1) It's as impossible for a human to play like a computer in poker as in chess - in fact far more impossible, because in poker you need to implement mixed strategies. In chess there's usually a best move, but in poker the optimal solution often involves doing something 30% of the time and something else 70% of the time. The problem is that, not only are there too many situations to memorize all the solutions, but actually implementing the correct frequencies is impossible for a human. Some players like to use "randomizers" like dice at the table, or looking at a clock, but I find that somewhat silly since it still so unlikely you are anywhere near equilbrium.

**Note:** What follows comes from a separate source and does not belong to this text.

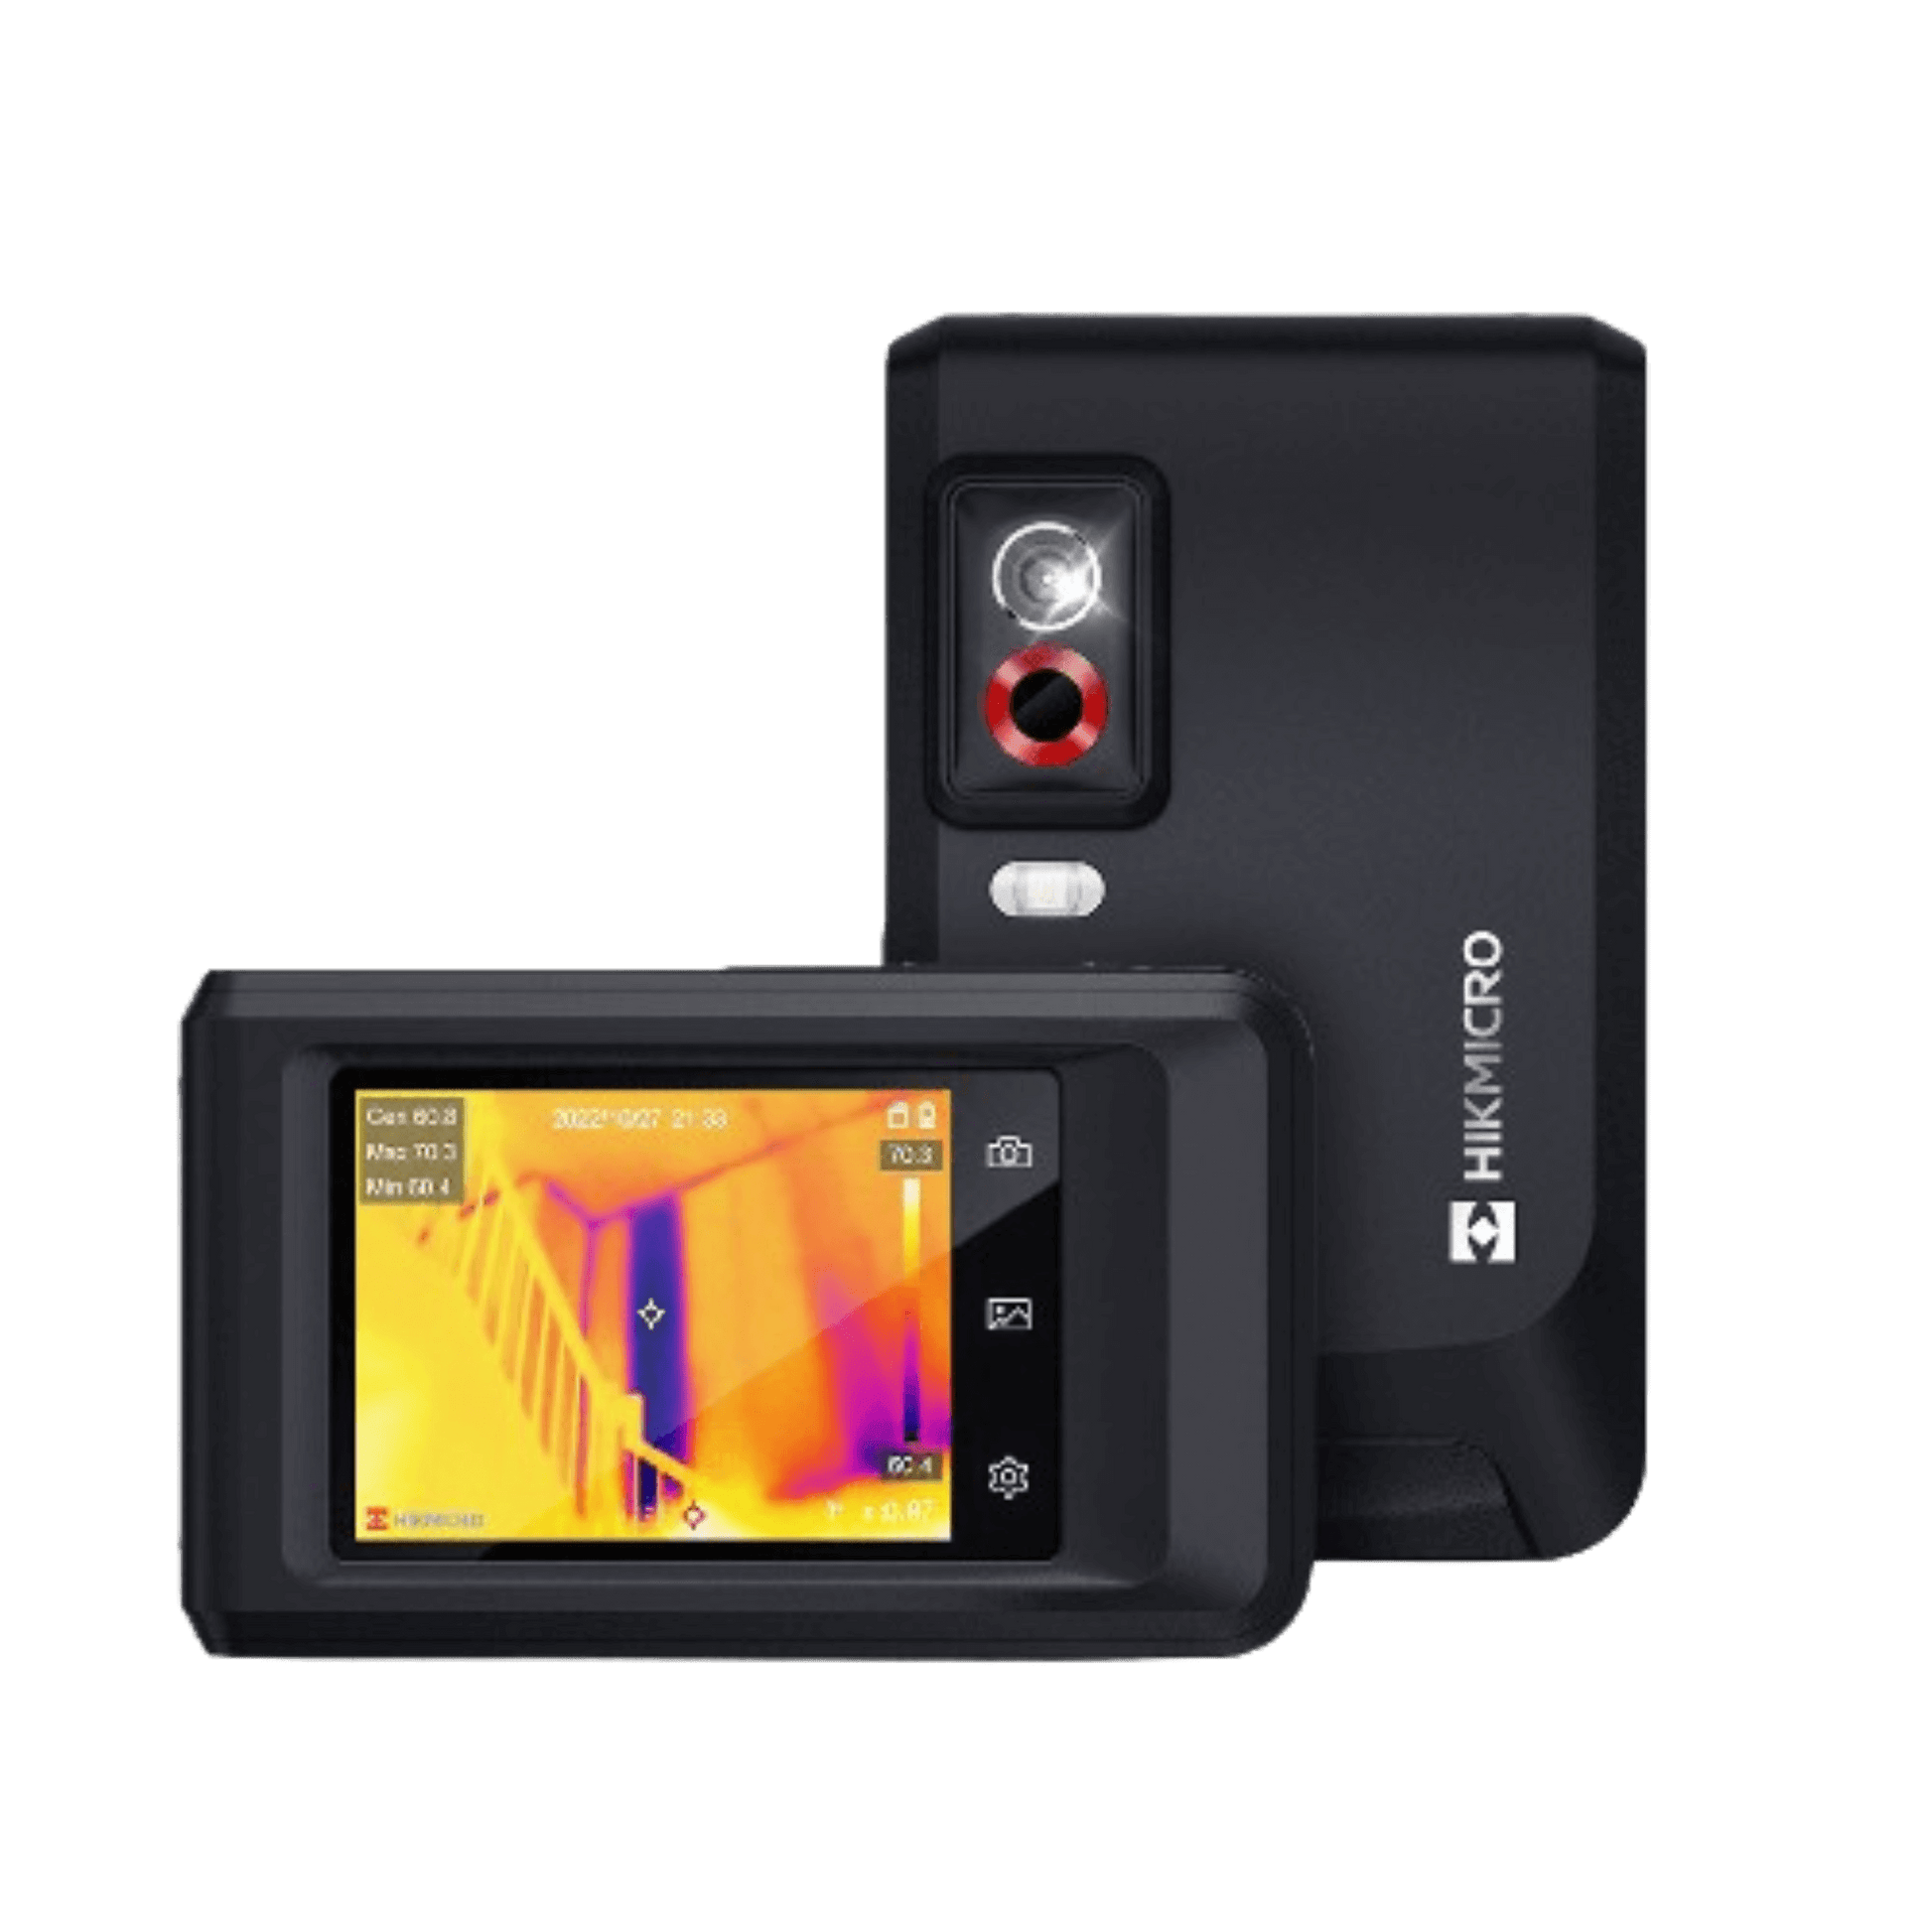 HikMicro Pocket 1 Handheld Thermography Camera

2) Reading someone's "tells" live is still a thing. While solvers have led to online poker to decline due to widespread "real time assistance", live poker is booming (the 2024 World Series of Poker Main Event just broke the record yet again) , and in person in live poker, people still give off various information about their hand via body language. From the 70s to the early 2000s, people were somewhat obsessed with "tells" as a way to win at poker. Since computers have advanced so much, it's fallen out of favor, but the truth is, both are useful. It's totally mistaken to think that advancement in poker AI , GTO , and solvers have rendered live reads obsolete. In fact, in 2023, Tom Dwan won the biggest pot in televised poker history (3.1 million) and credited a live read to his decision, in a spot where the solver would randomize between a call and a fold.

By @bfeist - 10 months

https://archive.is/2024.07.20-035804/https://www.scientifica...

By @kkwteh - 10 months

Watching Doug Polk discuss hands on YouTube really opened my eyes as to how professional pokers think about hands.

By @xyst - 10 months

I vaguely recall a poker tournament where a player employed this exact strategy and it worked out for him. I think it was the circumstances and just a bit of luck that allowed him to advance to later stages.

By @kruhft - 10 months

Is that not called 'bluffing' with strategic planning?